Christina Pugh responds
Christina Pugh responds:
If the category of “experience”—as defined by the inchoate expectations of many readers and reviewers of contemporary American poetry—really did encompass everything that Henry Gould, Zara Raab, and Fred Moramarco think it should, then my essay would not have needed to be written. But those who fault poets for a lack of “experience” are almost never criticizing the felicity with which discrete sensory impressions are rendered on the page. Neither are they looking to the life of Stevens as a template for the sort of experience they want to see reflected in a poem. And they certainly aren’t going to the OED to see if their stock definition of “experience” might be widened (admirable and enlightening though this endeavor may be). Instead, those who come to poetry looking for “experience” are really looking for a foothold in the narrative of the poet’s biography, for biographical “event,” and, yes, for a way to identify with the work.

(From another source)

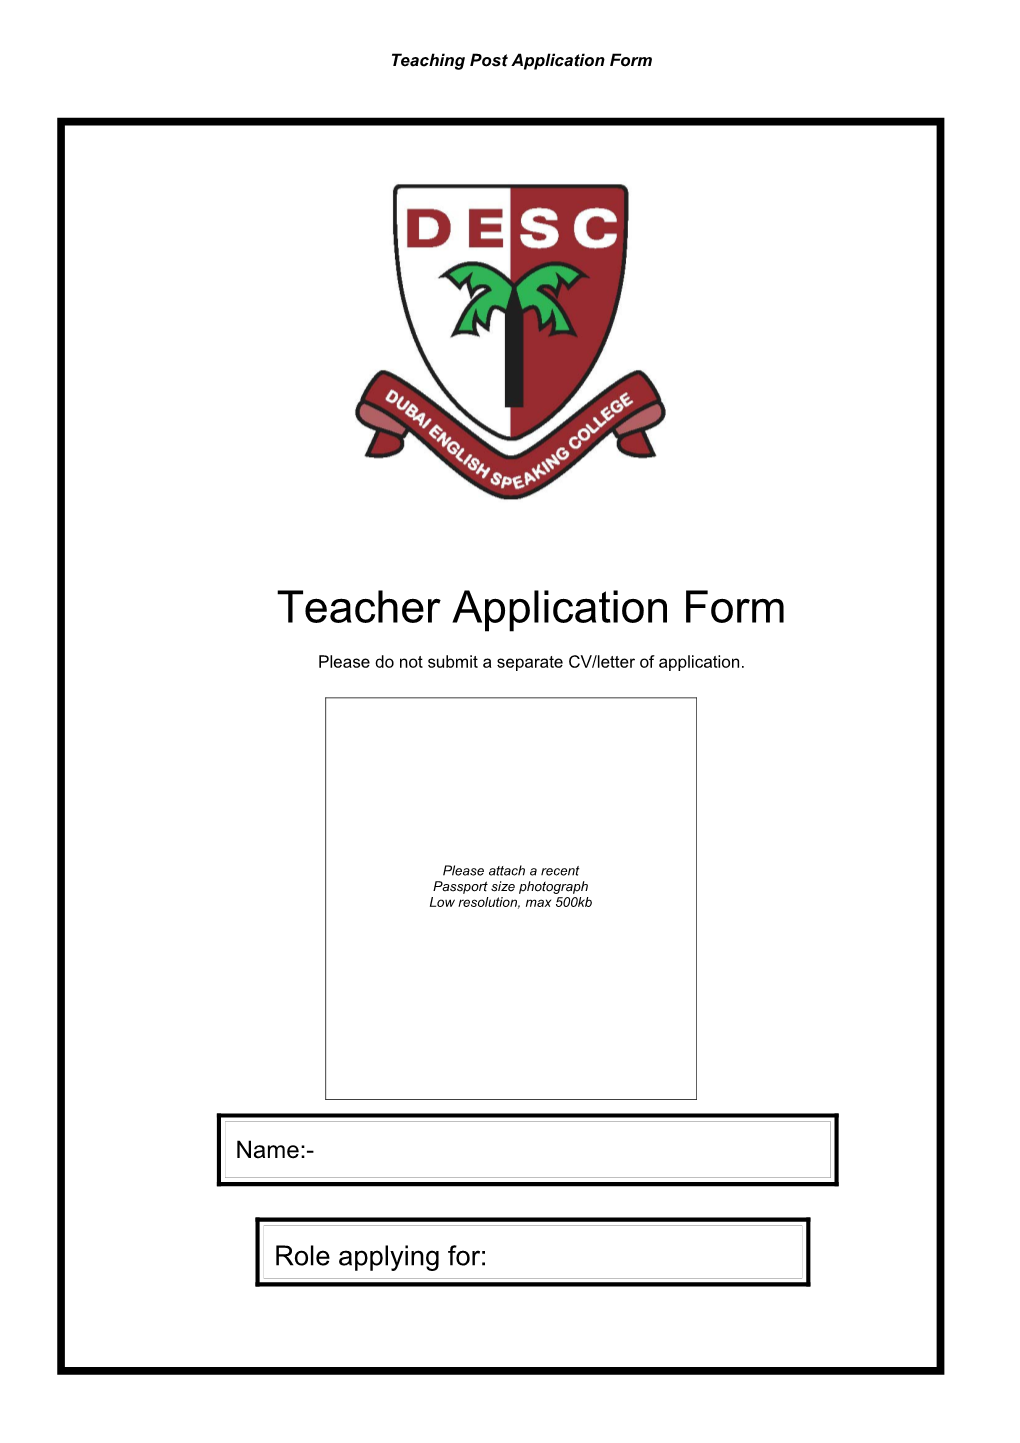 Dess Teacher Application Form 2003

I agree with both Gould and Raab that such a definition of “experience” is indeed impoverished and trivialized. But neither writer seems to have understood the intent of my essay. It was neither a trashing of extra-literary experience nor an exploration of the multiple definitions that “experience” might have if we tried to rehabilitate the term as a viable descriptor for what really does matter in any poetic endeavor (this is, in fact, exactly what Gould, Raab, and Moramarco seek to do in their letters). Instead, I was arguing against what has become, in some circles, an unarticulated cliché of literary expectation as well as an excuse to tear down poets in the academy. This is certainly not to say that every poet in the academy should be celebrated, but rather that his or her work should be judged by criteria other than the life experience of the writer.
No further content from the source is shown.